Over to the phones. Increasingly, listeners tend to text instead, something that has changed the dynamic of the phone-in to no end. A few weeks ago, during an hour-long “relationships” special, nobody called at all but the texts kept coming – tortured post-break-up texts surely sent from a roadside café while a chip was being dunked into a sad puddle of mayonnaise and one lone, bitchy tweet directed at the hosts: “You’ve just topped all of Radio 1 in the passive- aggressive department.”
“I’m thinking – what does that even mean?” said Aled, hurt. “What have I done? I was just saying that relationships are tricky. Dynamics and different times and that kind of …” He can be a little thin-skinned sometimes but at least he and Dr Radha are the only people on the station who fully comprehend that they are not broadcasting to any “massive” or “crew” but to the third year of Camden School for Girls and their cousin Josh. For a few minutes, the presenters talked among themselves. Valentine’s Day. Huge expectations, lots of pressure. Aled had a nice time once, a few months into his relationship with Emile, who presented him with a three-metre-long tube of Jaffa Cakes.

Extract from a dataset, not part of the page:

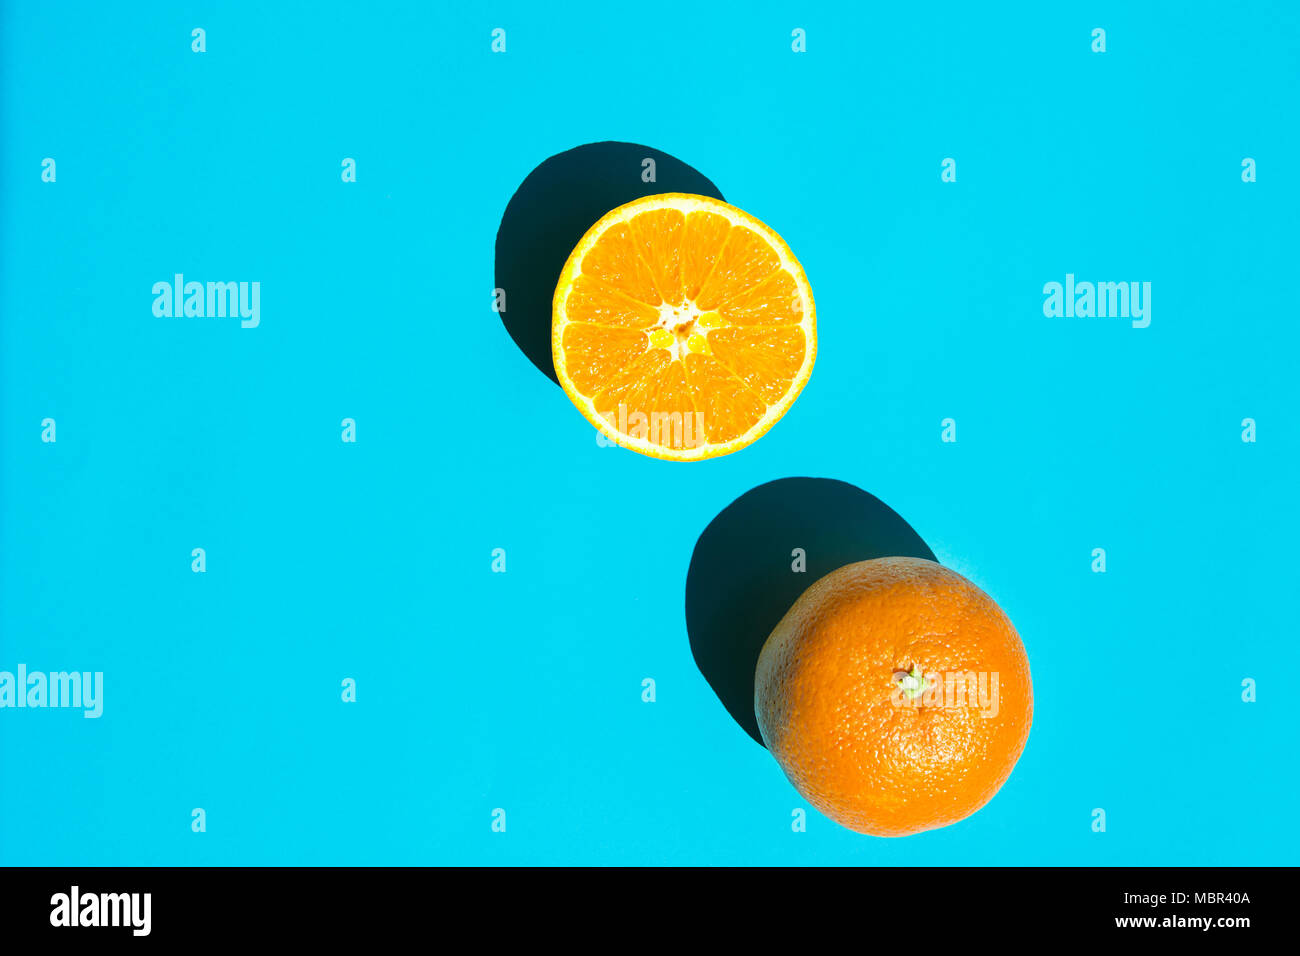 Whole and Halved Ripe Juicy Orange on Blue Background. Bright Harsh Sunlight Deep Shadow. Vibrant Neon Colors. Summer Tropical Vacation Travel Fashion Stock Photo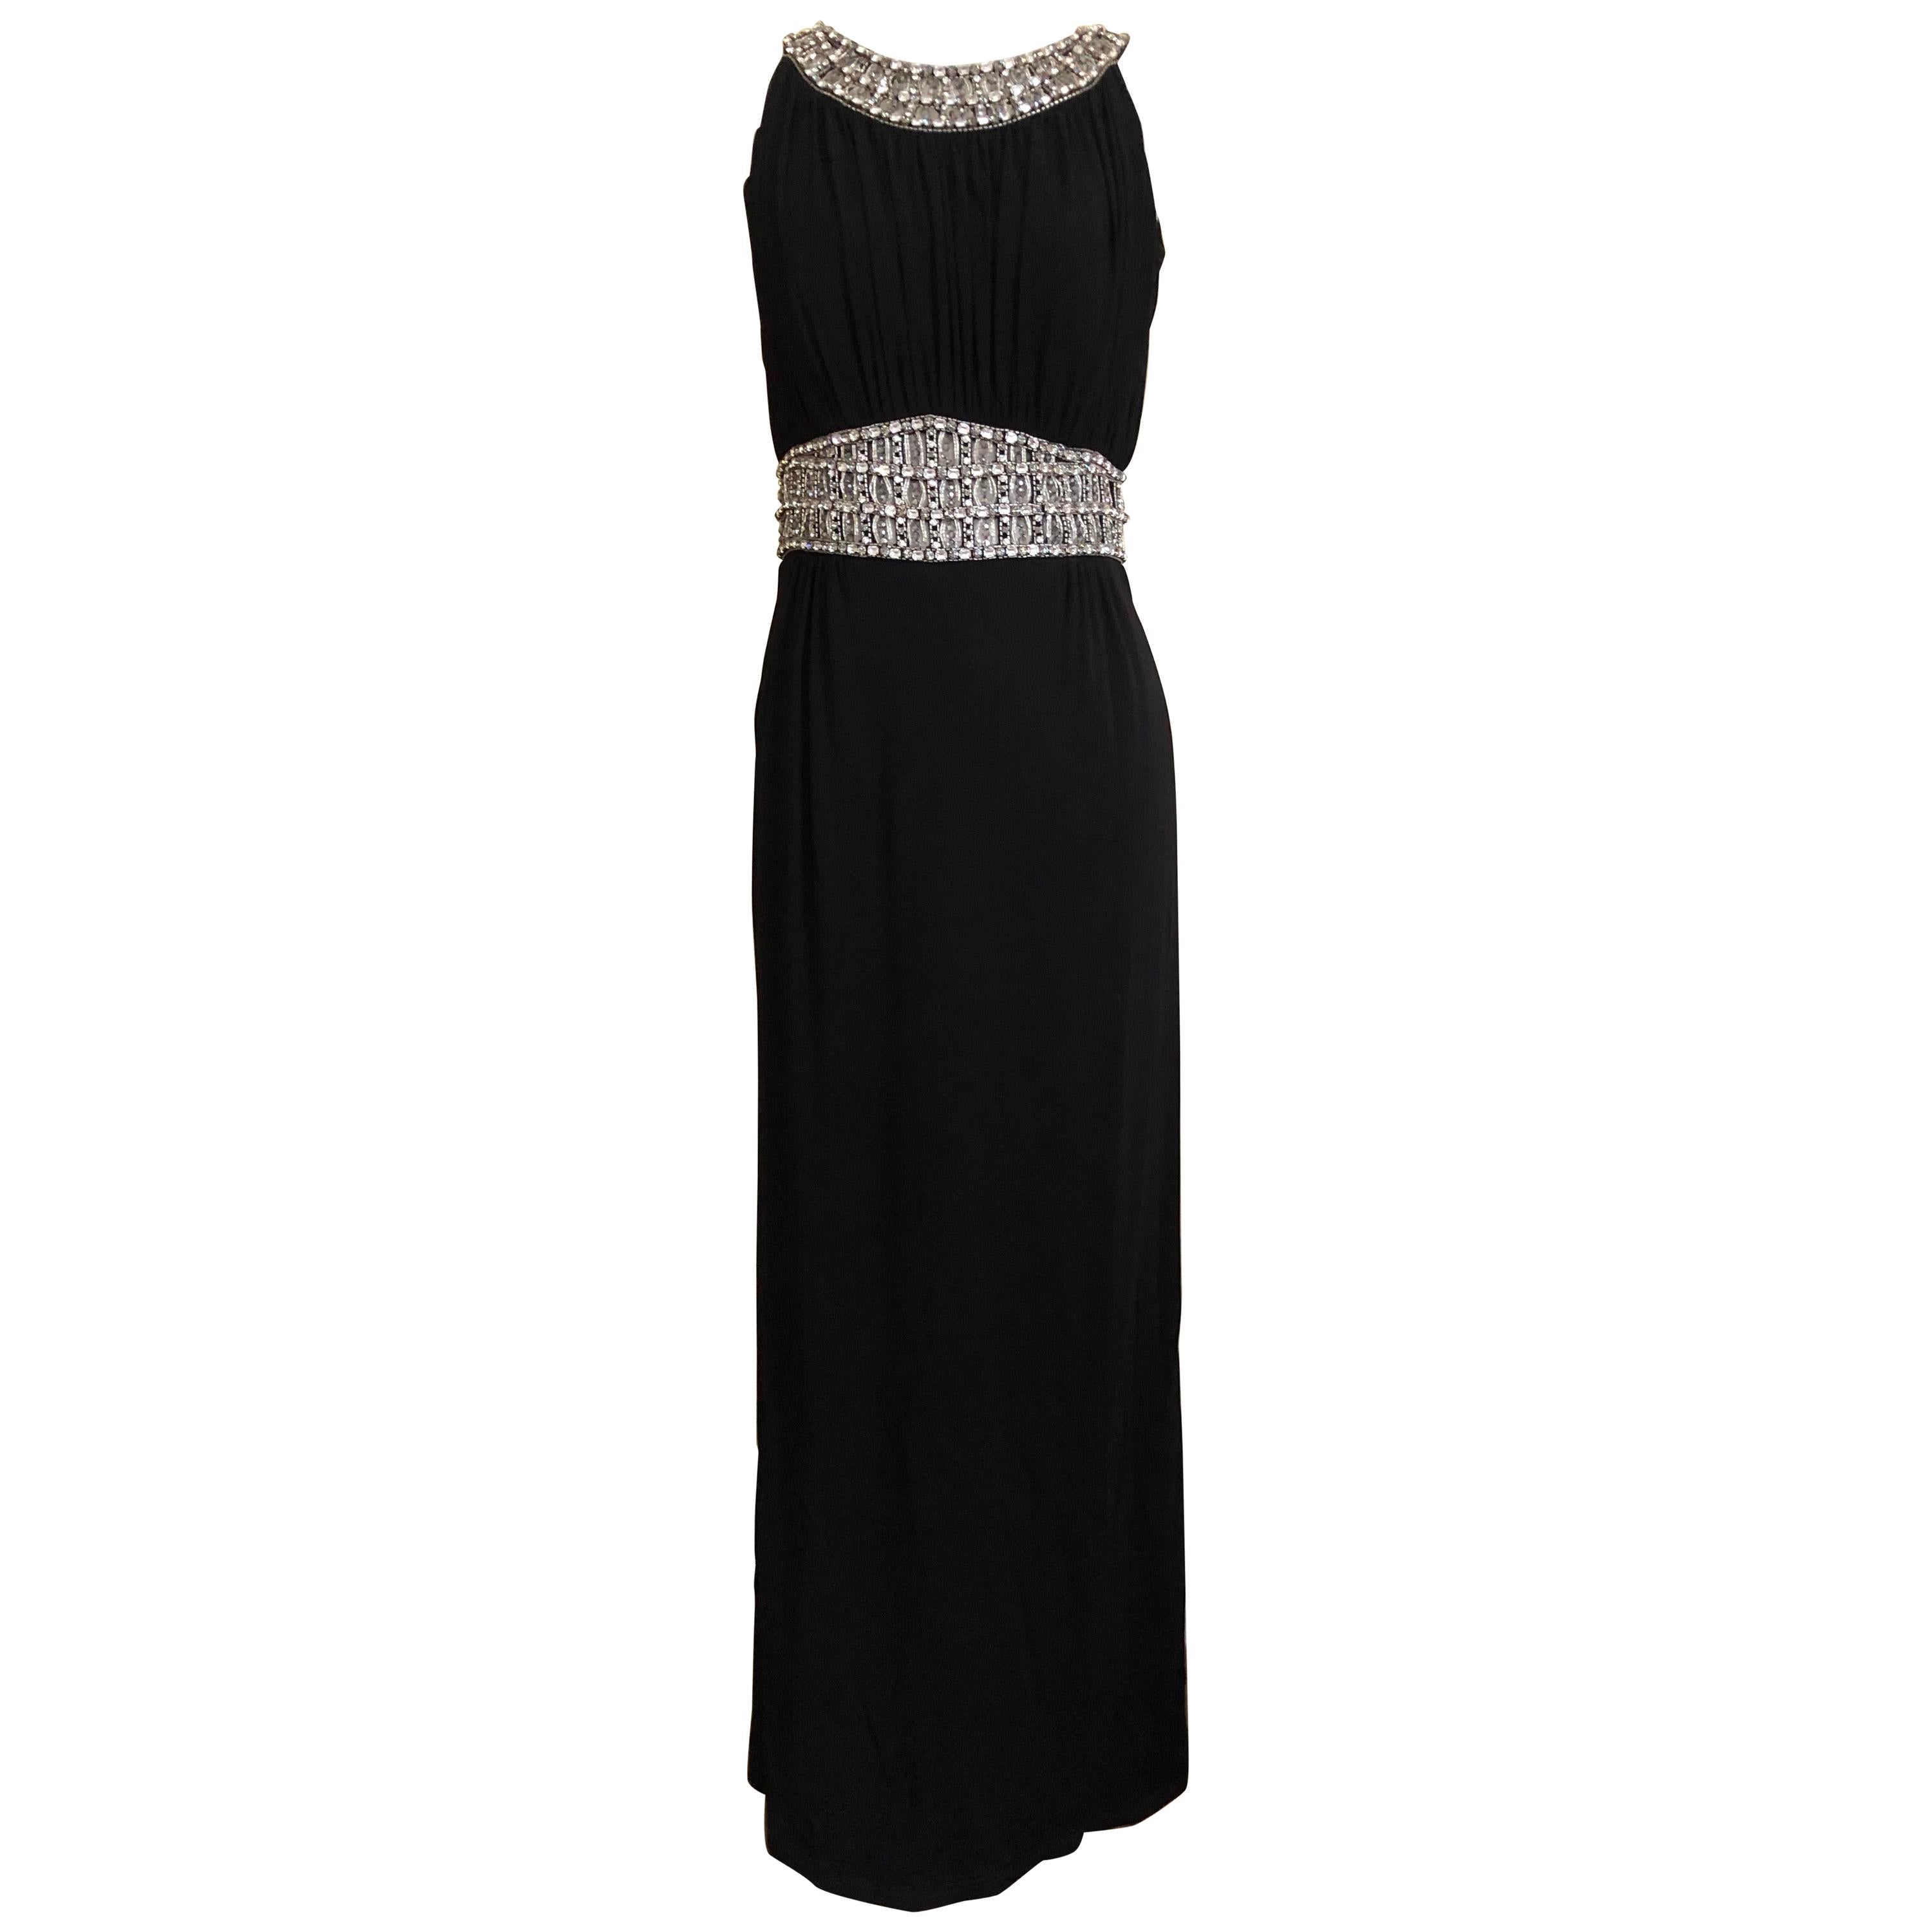 Azzaro Pleated Black Vintage Evening Dress with Jeweled Collar and Belt For Sale

These sorts of confession from Aled are usually followed by a qualifier, something pivotal that suggests a hinterland of tough experience combined with lines and scenes gleaned directly from daytime drama (“That was then, Emile!”). Even the name Emile suggests a subject whose impact, trajectory and wind velocity might take up the whole show. Dr Radha stepped in and gently moved things along, admitting she was single once and saying it’s absolutely nothing to get in a pickle about now, is it? At which point, as though in direct contravention, the phones started ringing.